Bad news for many mortgage holders as the European Central Bank has raised the official refinancing rate by 0.5%, a move that accelerates a climb already seen in Euro interbank rates aimed at curbing inflation. This shift is reflected in Euribor, the benchmark that many home loans use, and it is expected to push monthly payments higher for borrowers with variable-rate loans. The concern is especially acute for loans originated between 2012 and 2017, when margins tended to be higher and borrowers faced steeper adjustments as rates rise.
The rate increase, approved by the financial regulator, pushed the main mortgage reference higher this Friday. It has brought the daily reference rate up to around 1.2%, a level that makes July’s average interest rate the new baseline to watch, with the official rate now around 0.985% and predictions pointing toward surpassing 1% by month’s end. With Euribor already at -0.491% from last year, the move translates to a gain close to one and a half percentage points in less than twelve months.
In practical terms, this means for a Alicante mortgage with typical terms, a loan amount around EUR 107,000, over a 25-year repayment period, could see payments rise by roughly 1 percentage point. That could equate to an increase from about EUR 383 to EUR 459 per month, a difference of around EUR 76 monthly, or nearly EUR 912 more per year. For many households, this is a sizable strain on monthly budgets.
The impact is compounded when other rising costs are accounted for, including fuel, energy, and a broader basket of consumer prices that have climbed well above the prior year’s levels in the province. A household budget that already feels stretched will notice these added charges more acutely as annual inflation remains elevated.
Within this environment, borrowers who took out loans between 2012 and 2017 may face the most pronounced effects, since those deals often carry higher-than-average margins.
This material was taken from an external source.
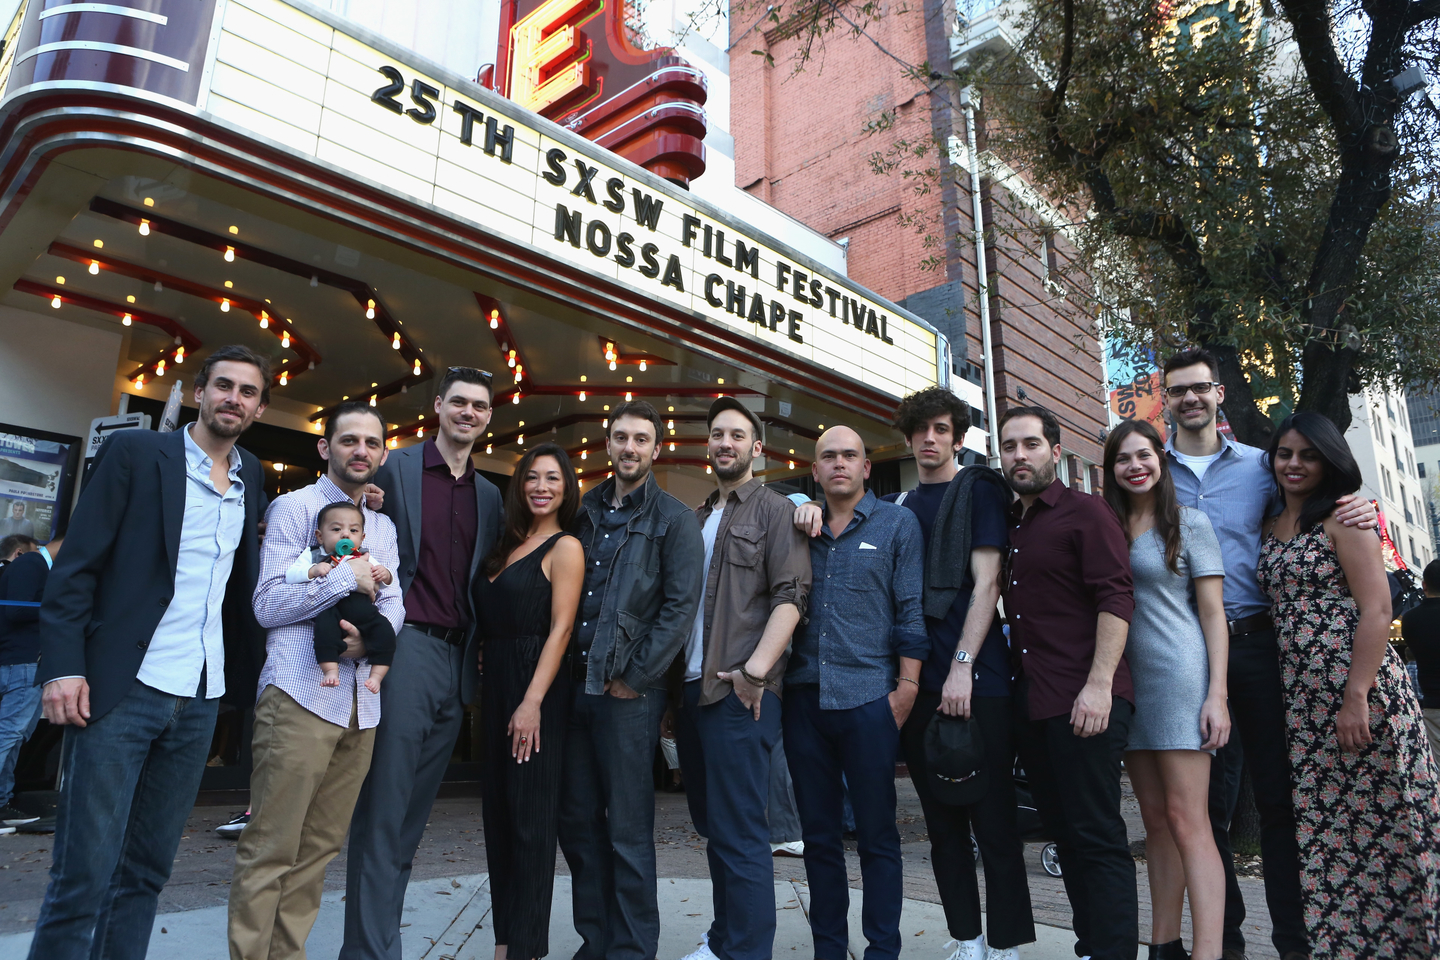 Filmmakers Jeff Zimbalist, Michael Zimbalist, and Julian Duque with guests at the Nossa Chape World Premiere. Photo by Travis P Ball/Getty Images for SXSW

Financial associations caution that such borrowers should review their terms with lenders to explore potential renegotiation options. Any action should be considered carefully, weighing fees, the potential rate type shift, and the long-term cost of extending a loan’s duration to secure more favorable monthly payments.
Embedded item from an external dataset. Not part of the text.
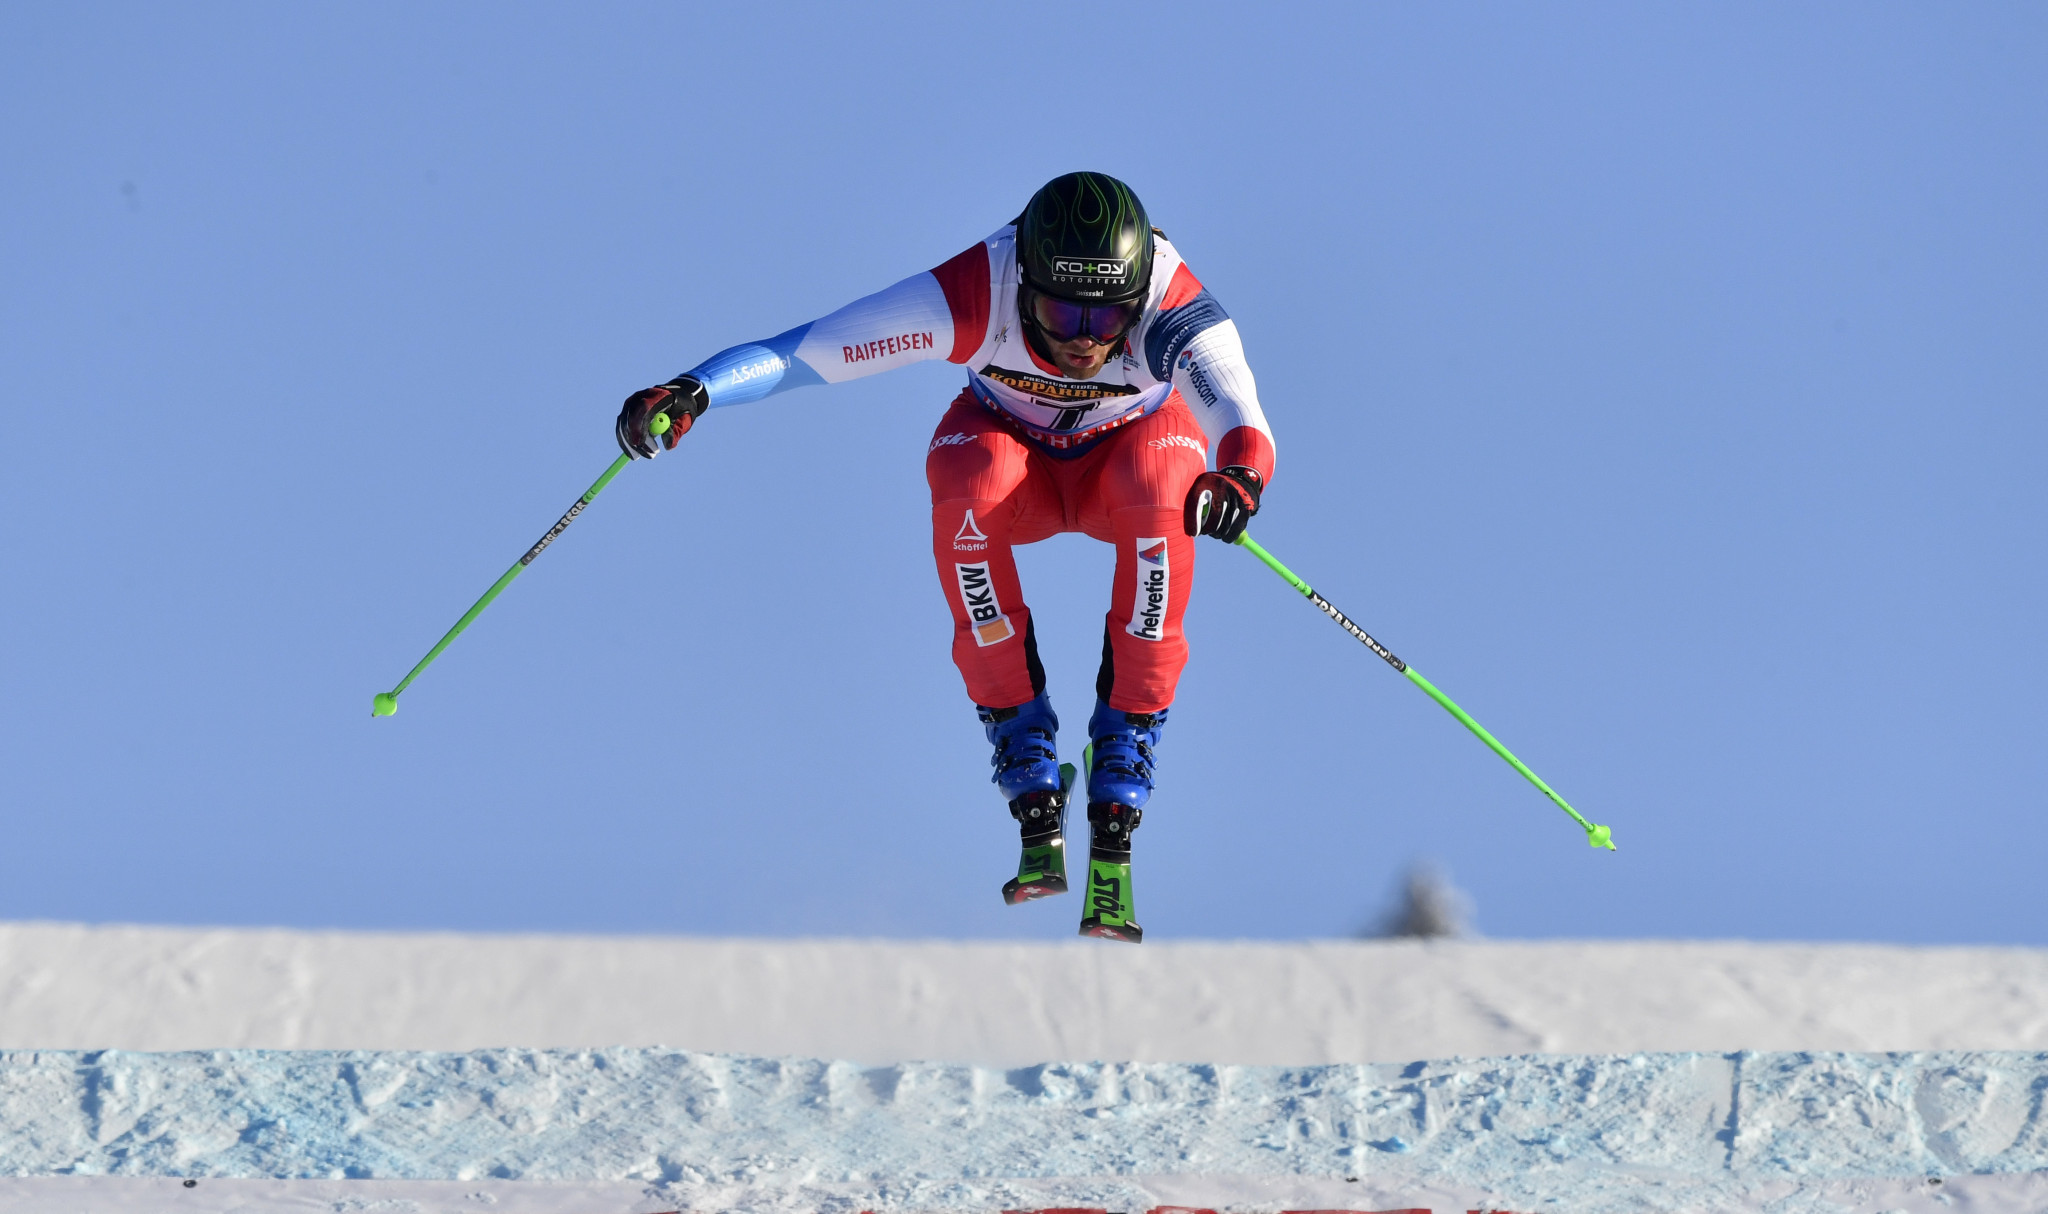 Jonas Lenherr won the men's event in Reiteralm today ©Getty Images

Experts predict that the cost of financing may differently affect new lending, but current official statistics have yet to fully reflect the impact of higher rates. May figures showed a noticeable uptick in loan activity. In Alicante province, 1,920 new mortgages were registered in May, a 30% increase year over year and the highest total in more than a decade. This rise signals continued demand for housing, even as borrowing costs move higher.
Mortgage issuance increased by more than 40% in the province of Alicante
To date, this year has seen 7,920 mortgage operations for a combined value of EUR 837 million, about 23% above the previous year. Some analysts attribute part of this surge to a decision by households to commit to home purchases in a climate of rising loan costs, signing on to loans with either floating or fixed rates depending on market expectations and personal risk tolerance. While lenders have begun to price floating-rate loans with greater caution, fixed-rate products have reached a record share, accounting for 73% of new contracts in the period in question.